Gubernur Puteh Jadi Tersangka Korupsi [30/06/04]
Komisi Pemberantasan Korupsi (KPK) kemarin resmi menetapkan Gubernur Nanggroe Aceh Darussalam Abdullah Puteh sebagai tersangka dalam kasus korupsi pengadaan helikopter Mi-2.
Dari hasil penyelidikan ditemukan bukti permulaan yang cukup bahwa telah terjadi tindak pidana korupsi dengan nilai kerugian negara Rp 4 miliar, kata Wakil Ketua KPK Tumpak Hatorangan Pangabean kepada wartawan kemarin.

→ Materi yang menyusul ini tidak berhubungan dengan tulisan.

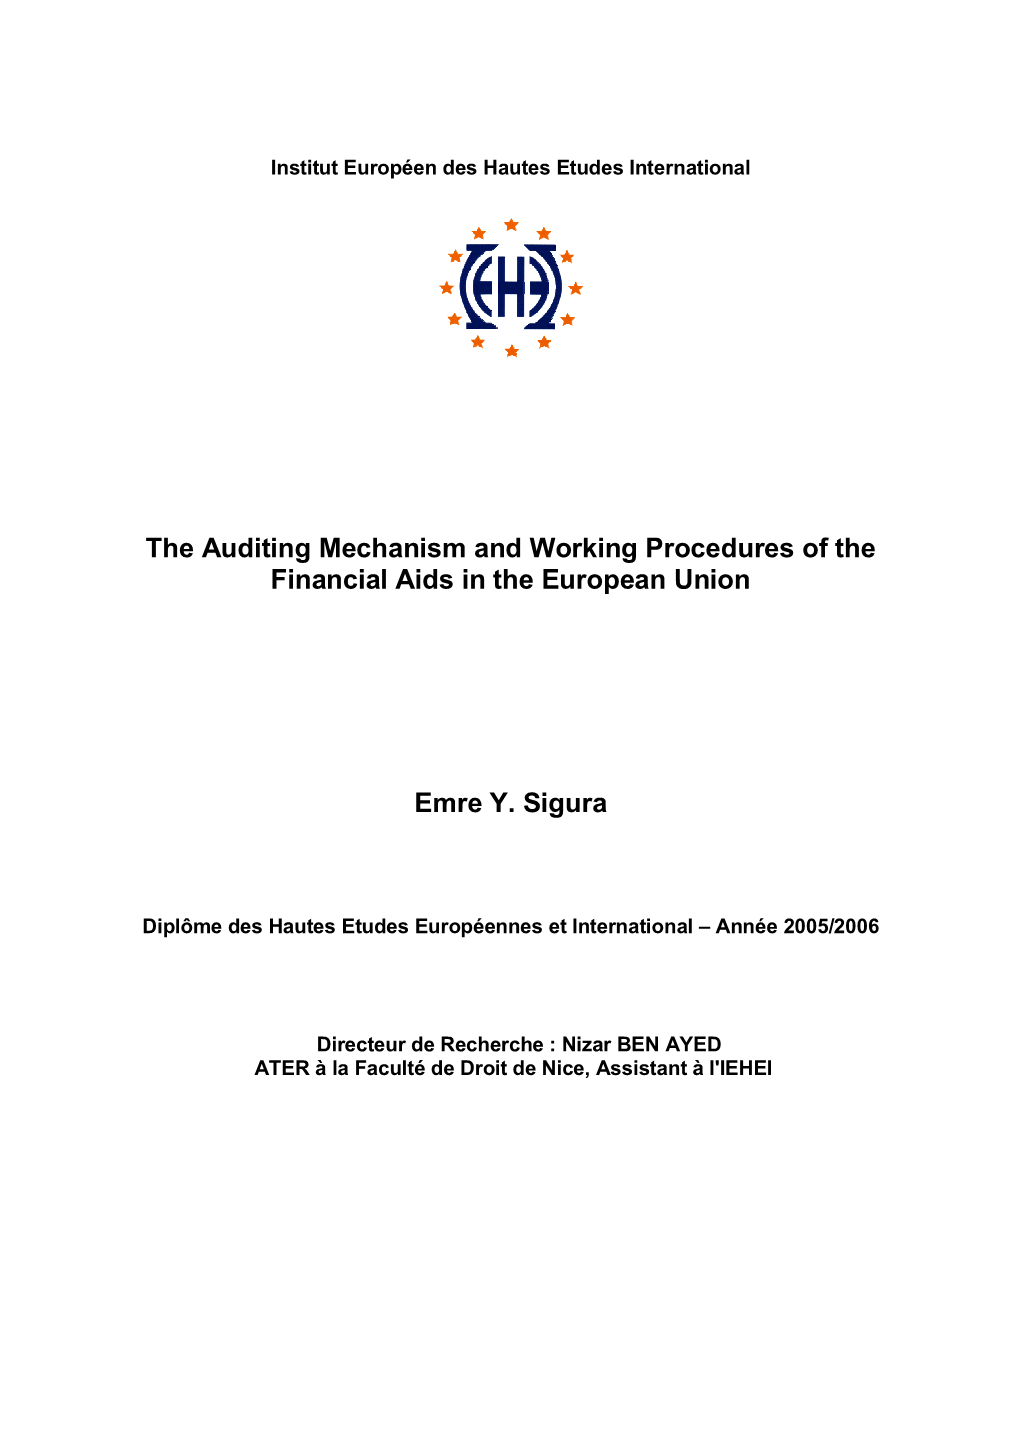 The Auditing Mechanism and Working Procedures of the Financial Aids in the European Union

Menurut Pangabean, surat panggilan kepada Puteh sebagai tersangka sudah dilayangkan. Rencananya, Penguasa Darurat Sipil Daerah (PDSD) Aceh itu akan diperiksa KPK pekan depan.
Hingga kemarin, hanya Puteh yang menjadi tersangka kasus pembelian helikopter Mi-2 senilai Rp 12,5 miliar milik Pemda Aceh. Itu masih dalam pengembangan penyidikan. Mungkin ada tersangka lainnya, kata Pangabean.
Abdullah Puteh mengaku belum menerima surat resmi dari KPK menyangkut penetapan dirinya sebagai tersangka. Dia menolak berkomentar lebih jauh mengenai penyelidikan kasus pembelian helikopter PLC Rostov buatan Rusia itu. Ya, kami menghormati proses hukum, apa pun yang menjadi keputusannya. Itu saja, kata Puteh kemarin.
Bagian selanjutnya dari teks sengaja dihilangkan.